§ WHAT TO DO
The part below that opens with the line containing "1.05 CTW Aquamarine" and closes with the line containing "JLA Designs Pillows" should be copied exactly, minus any pictures.

§ DATA
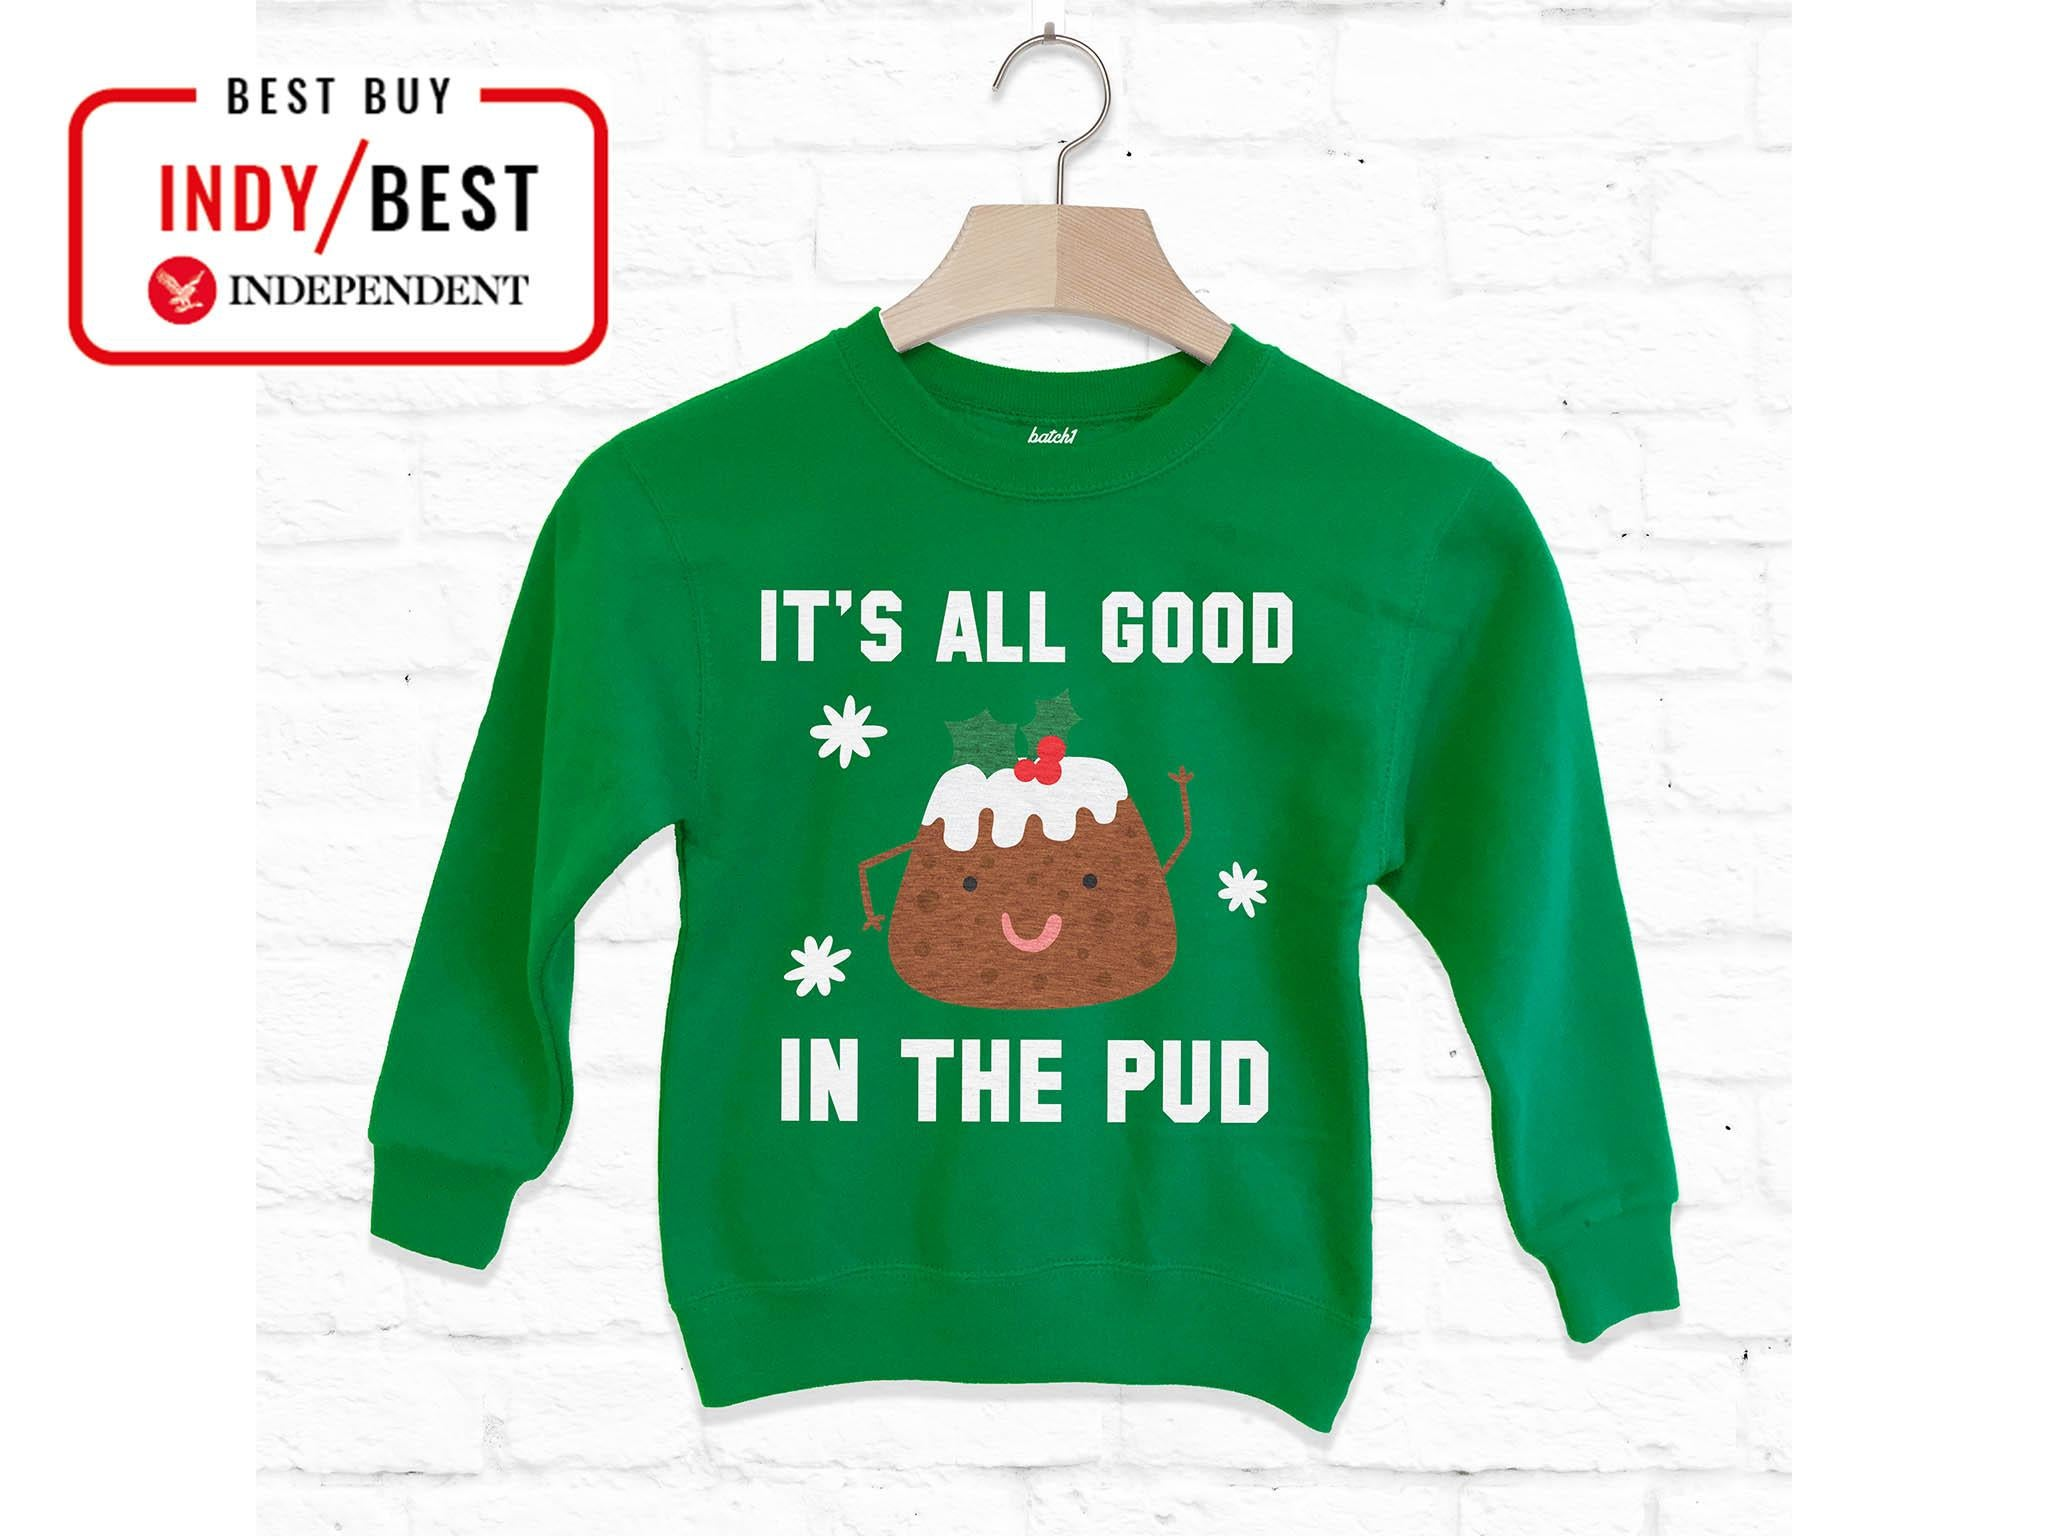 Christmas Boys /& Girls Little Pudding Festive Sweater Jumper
---
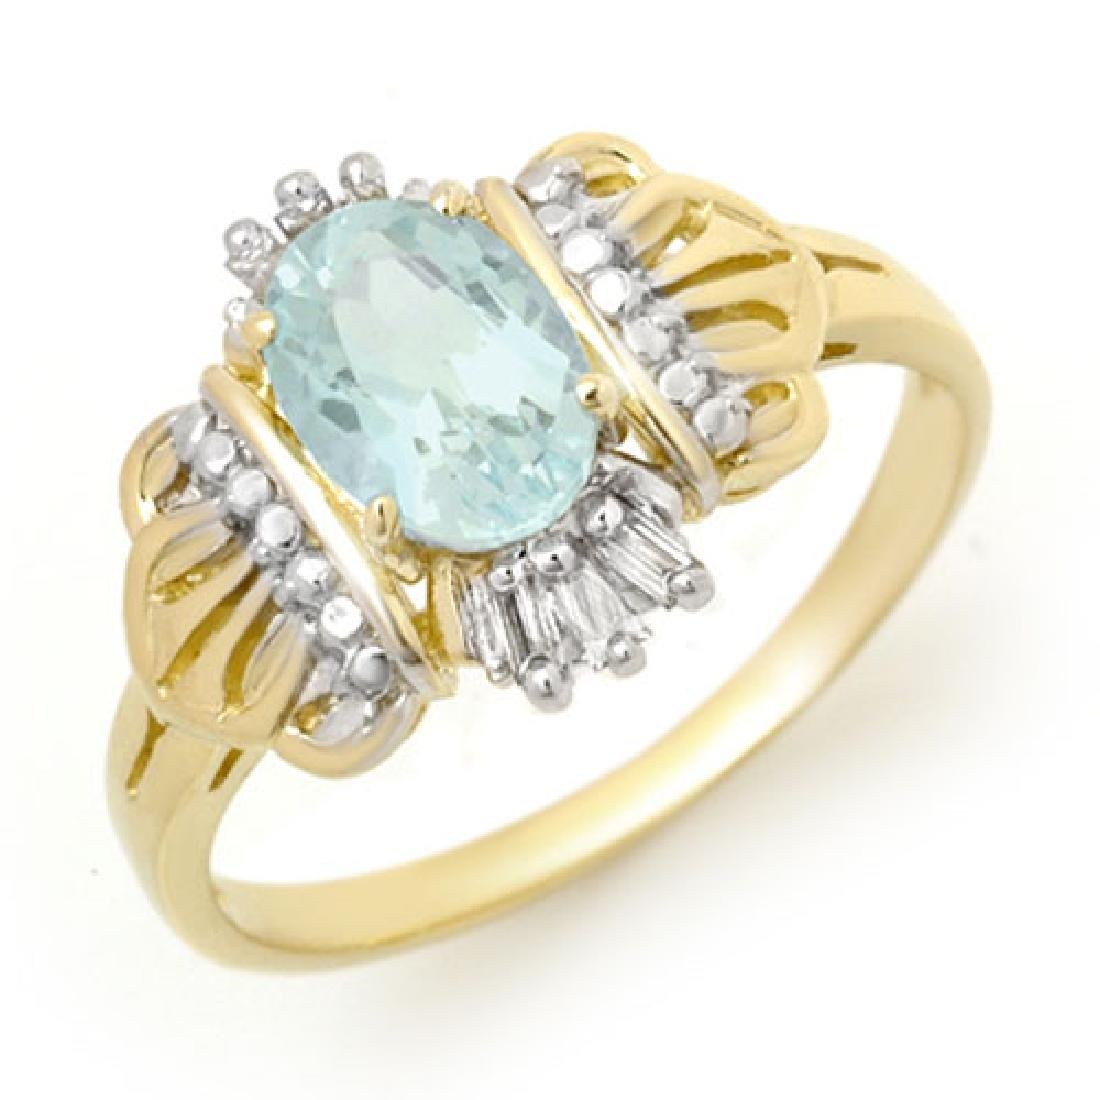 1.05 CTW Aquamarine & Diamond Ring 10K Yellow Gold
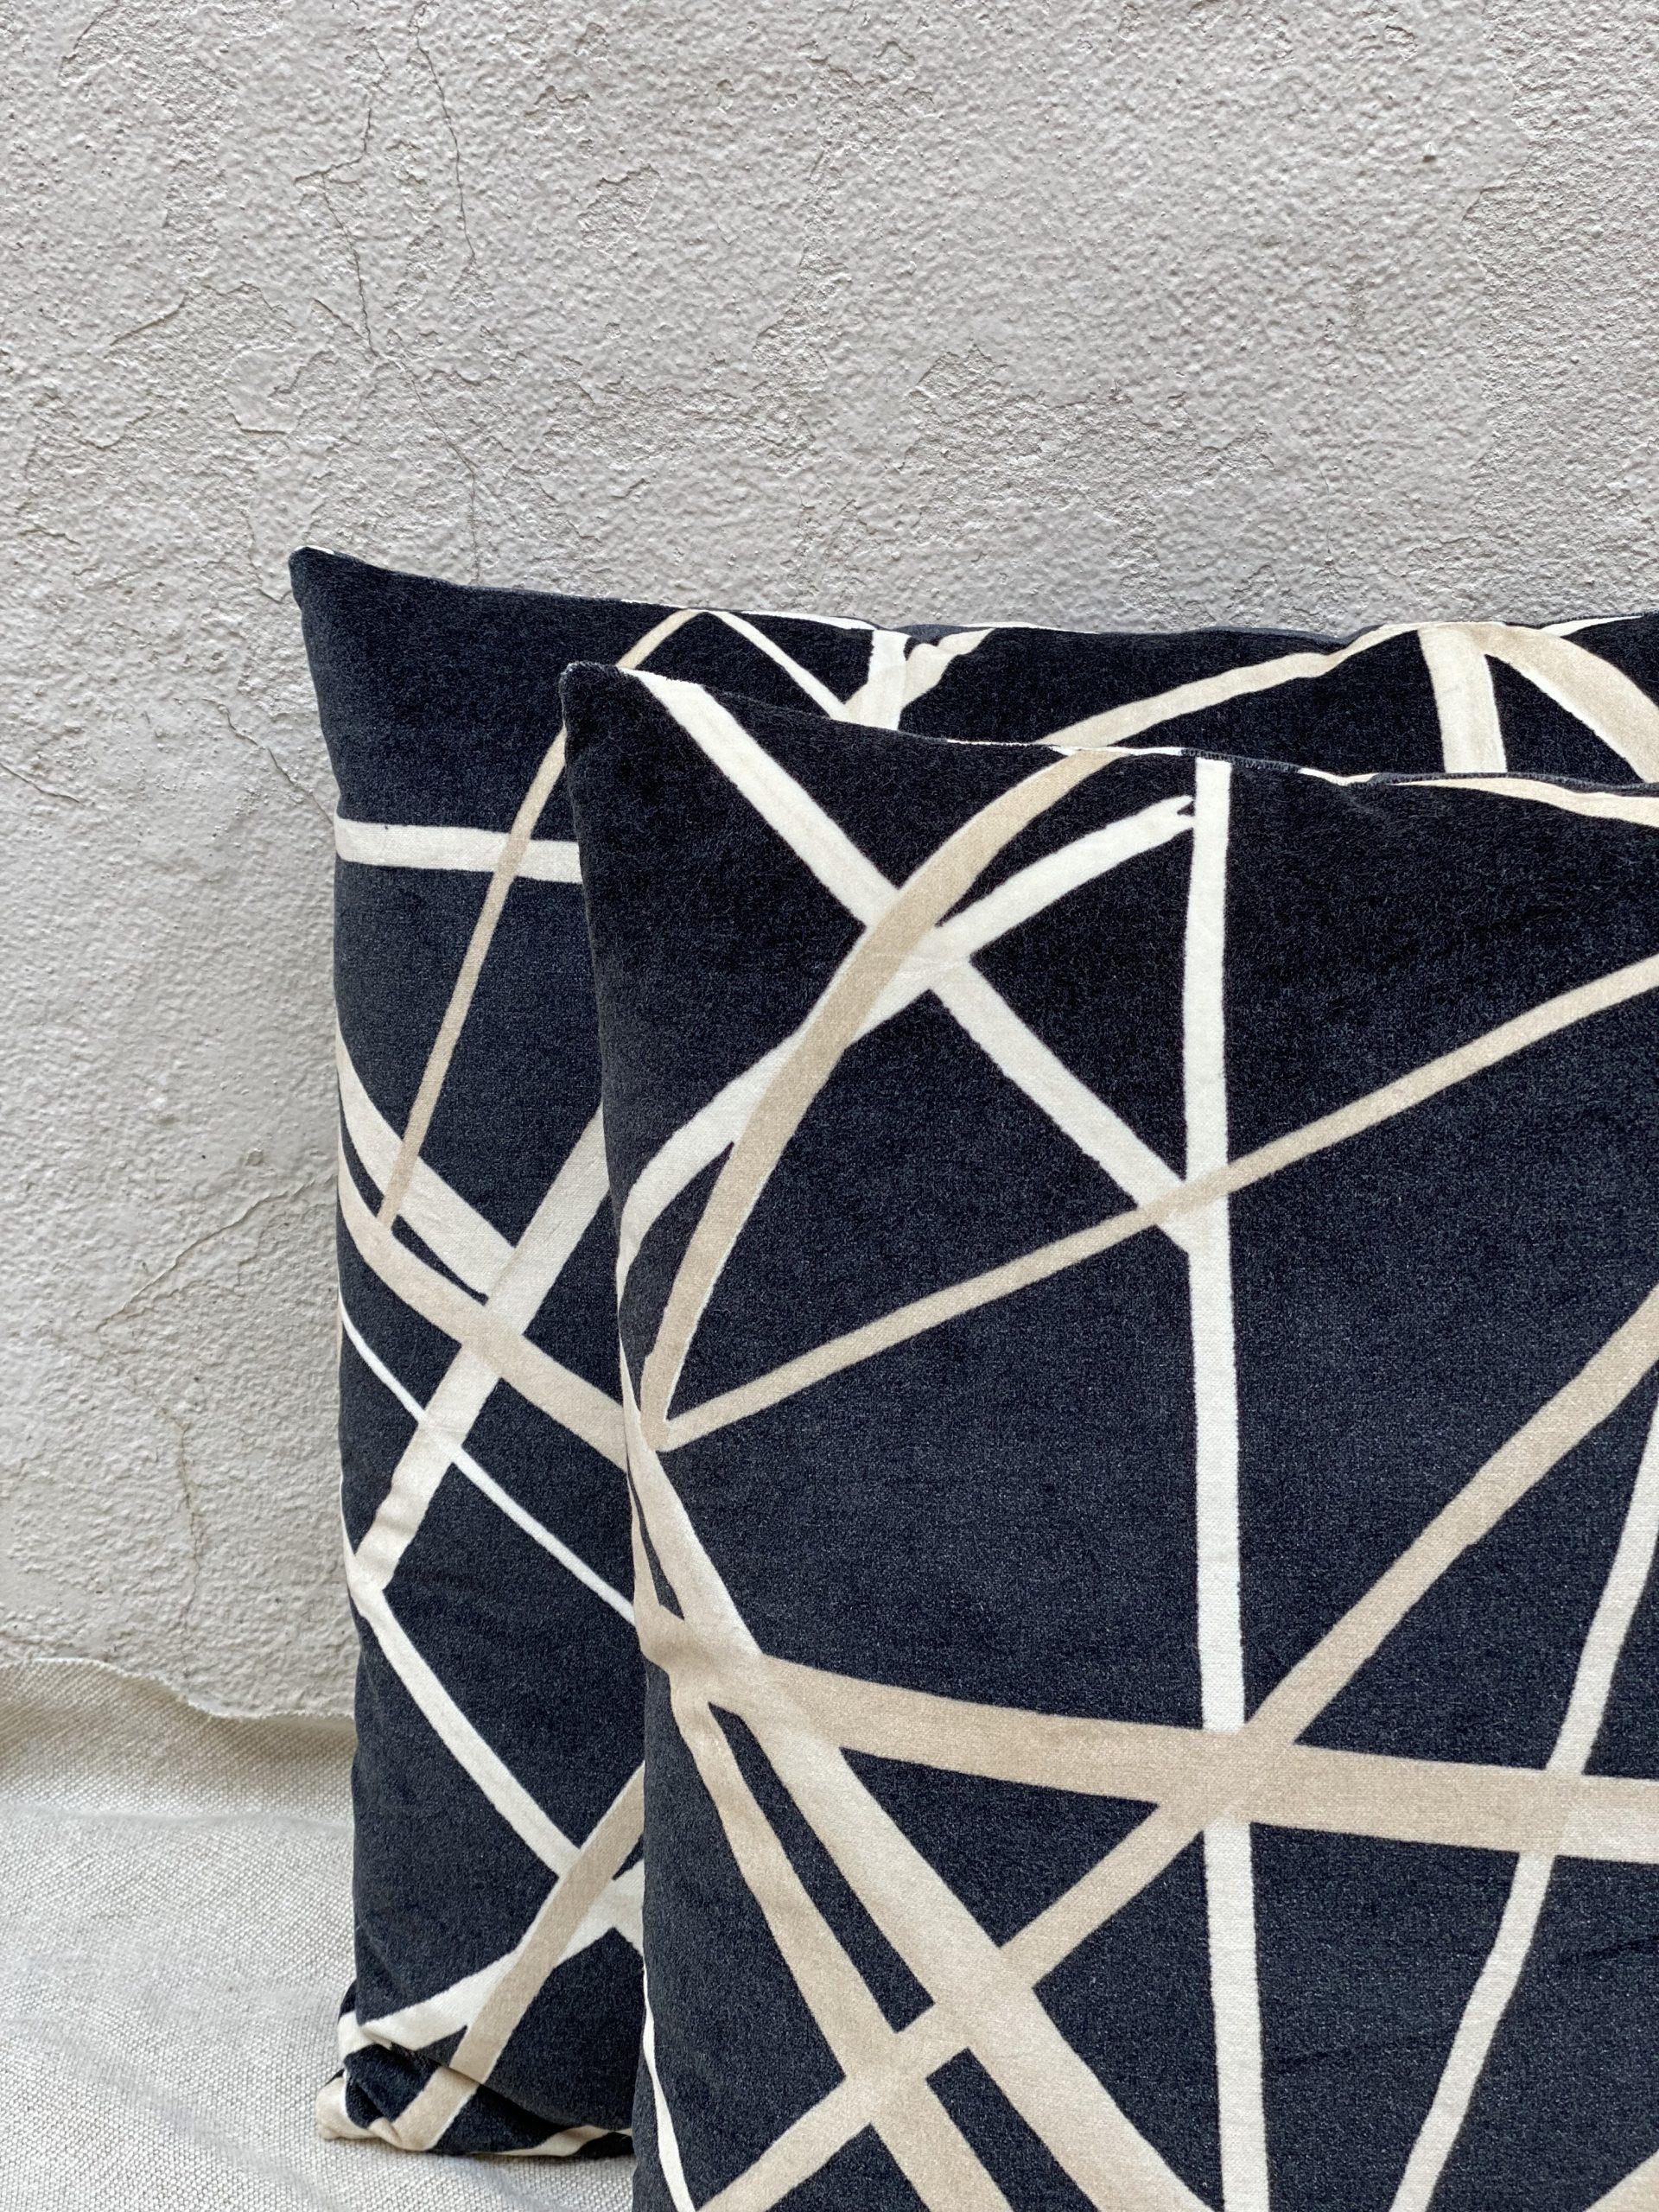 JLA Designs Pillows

§ SOLUTION FOR THIS PROBLEM
 1.05 CTW Aquamarine & Diamond Ring 10K Yellow Gold
 JLA Designs Pillows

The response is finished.